Slope of the superconducting gap function in $Bi_2Sr_2CaCu_2O_{8+\delta}$ measured by vacuum tunneling spectroscopy
J. E. Hirsch

TL;DR
This paper investigates the intrinsic energy-dependent slope of the superconducting gap in Bi-2212 using STM, proposing thermoelectric effects as a means to measure this fundamental property, which supports the hole superconductivity theory.
Contribution
It demonstrates that the observed tunneling asymmetry is due to an intrinsic gap slope, not extrinsic effects, and suggests thermoelectric measurements to quantify this property.
Findings
Asymmetry in STM spectra is intrinsic, reflecting a non-zero gap slope.
Thermoelectric effects in STM can be used to measure the gap slope.

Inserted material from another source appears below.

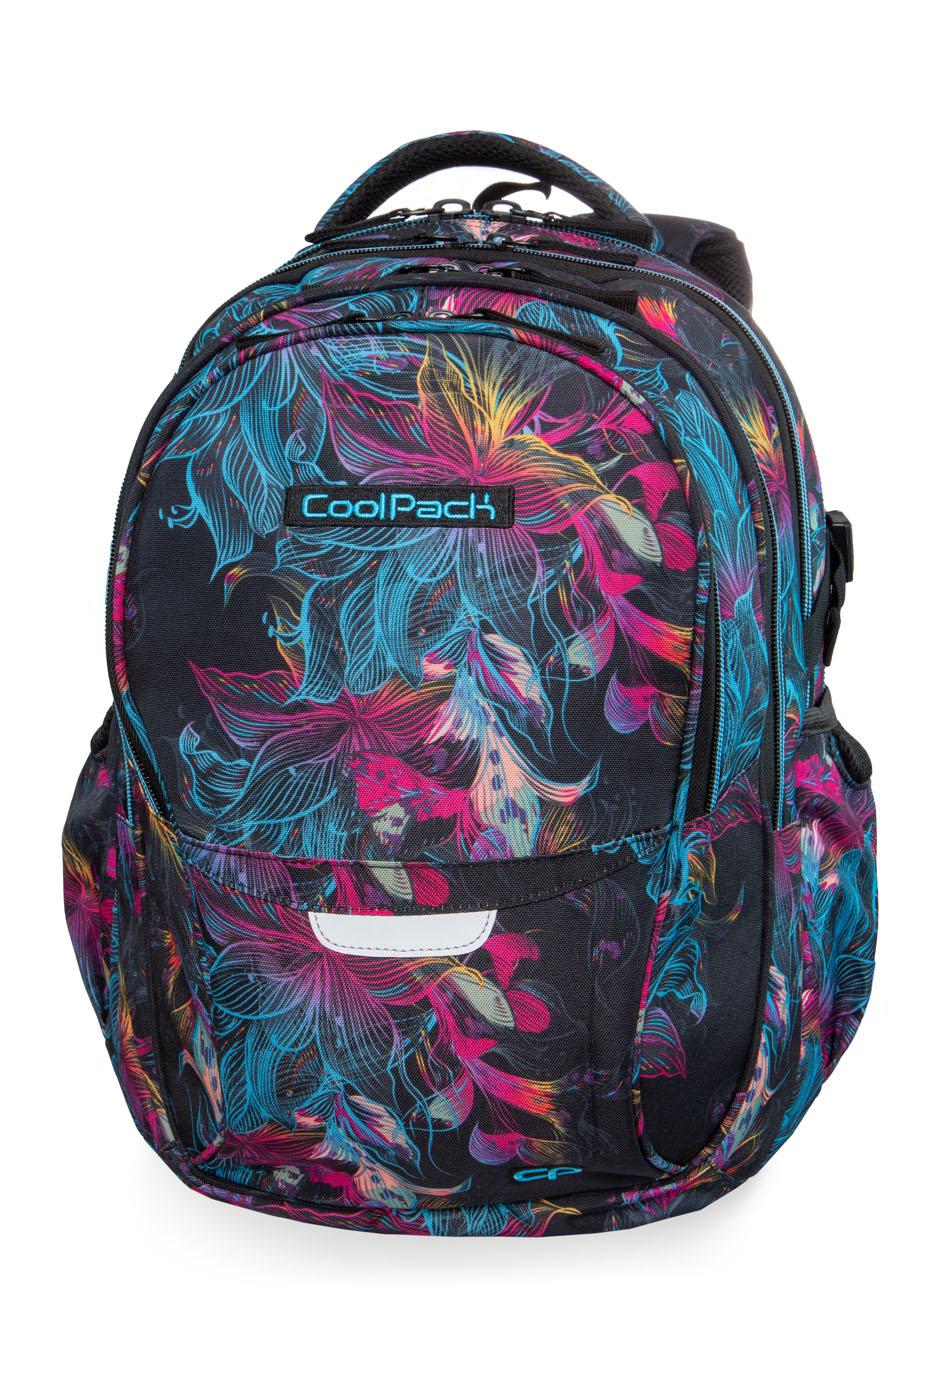 Coolpack   factor  rygsæk   vibrant bloom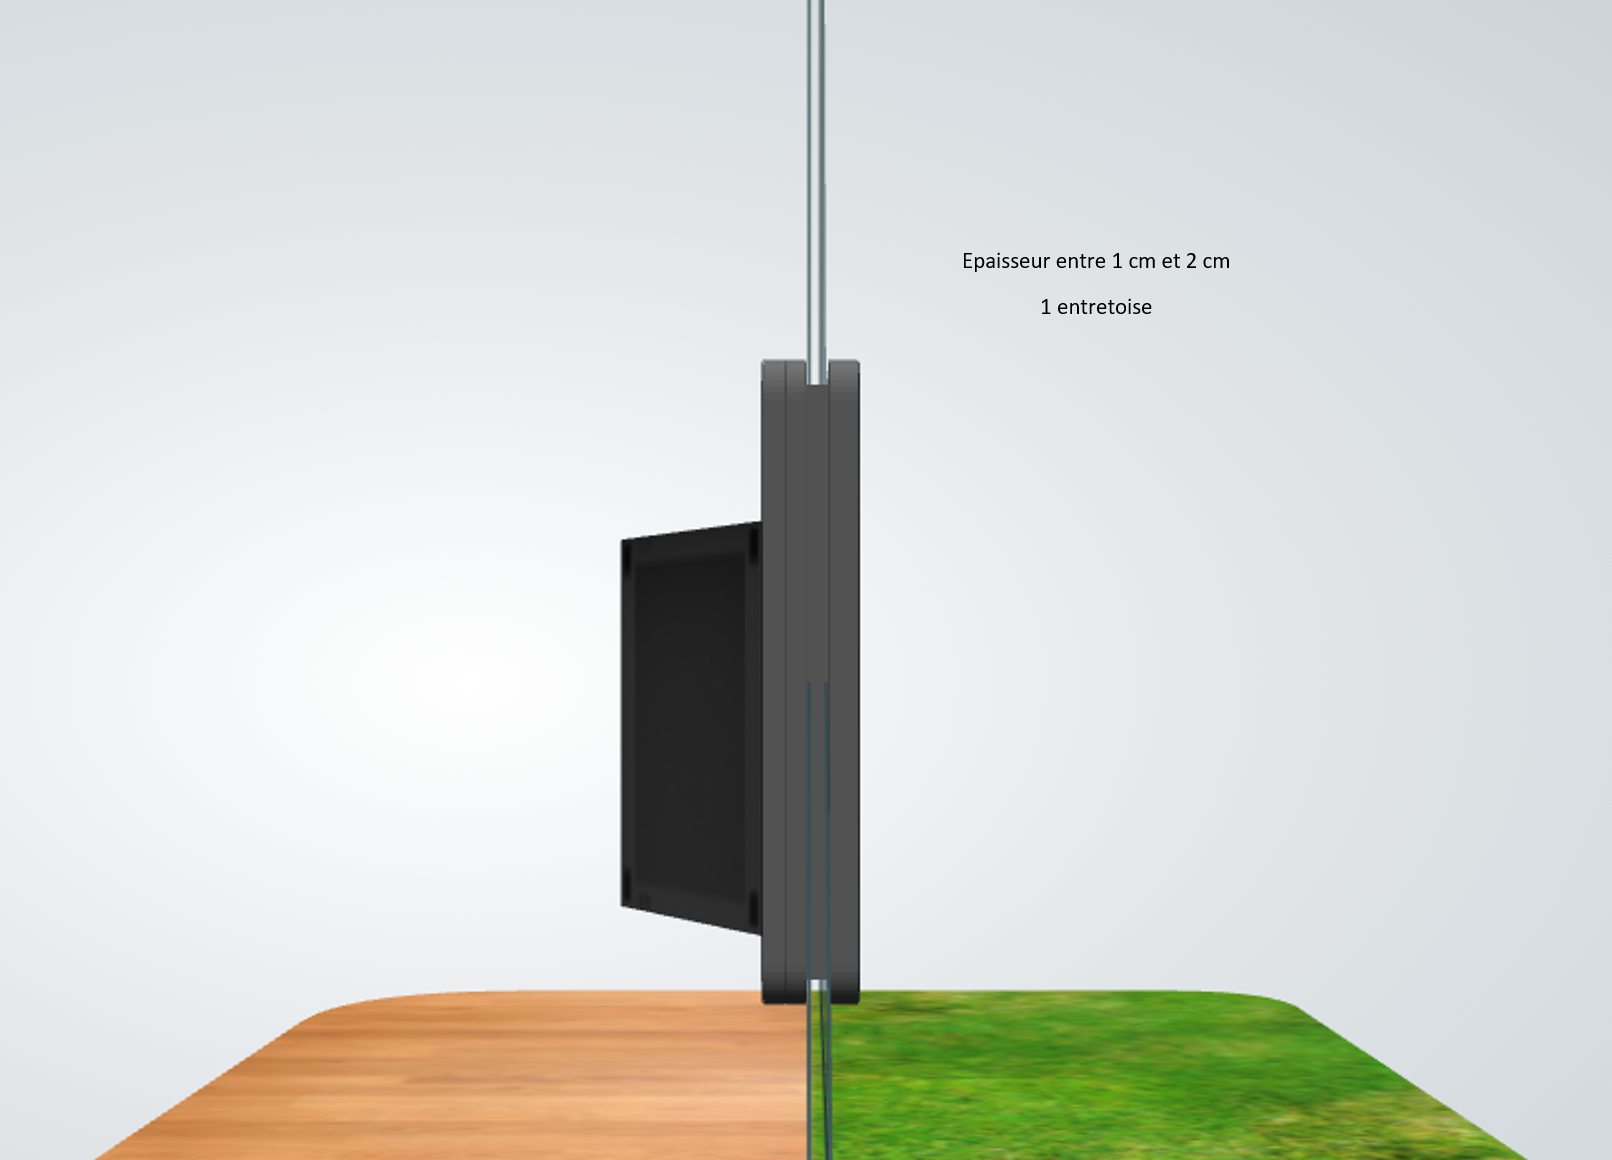 porte automatique odomestic entretoise épaisseur entre 1 cm et 2 cm

Recent vortex imaging supports the existence of the gap slope.
Abstract
Reproducible scanning tunneling microscope (STM) spectra of consistently exhibit asymmetric tunneling characteristics, with the higher peak conductance corresponding to a negatively biased sample. We consider various possible sources of this asymmetry that are not intrinsic to the superconducting state, including energy dependence of the normal state densities of states of sample and/or tip, existence of bandwidth cutoffs, unequal work functions of tip and sample, and energy-dependent transmission probability. None of these effects can explain the sign and temperature dependence of the observed asymmetry. This indicates that the observed asymmetry reflects an intrinsic property of the superconducting state: an energy-dependent superconducting gap function with non-zero slope at the Fermi energy. Such a sloped gap function will also give rise to a…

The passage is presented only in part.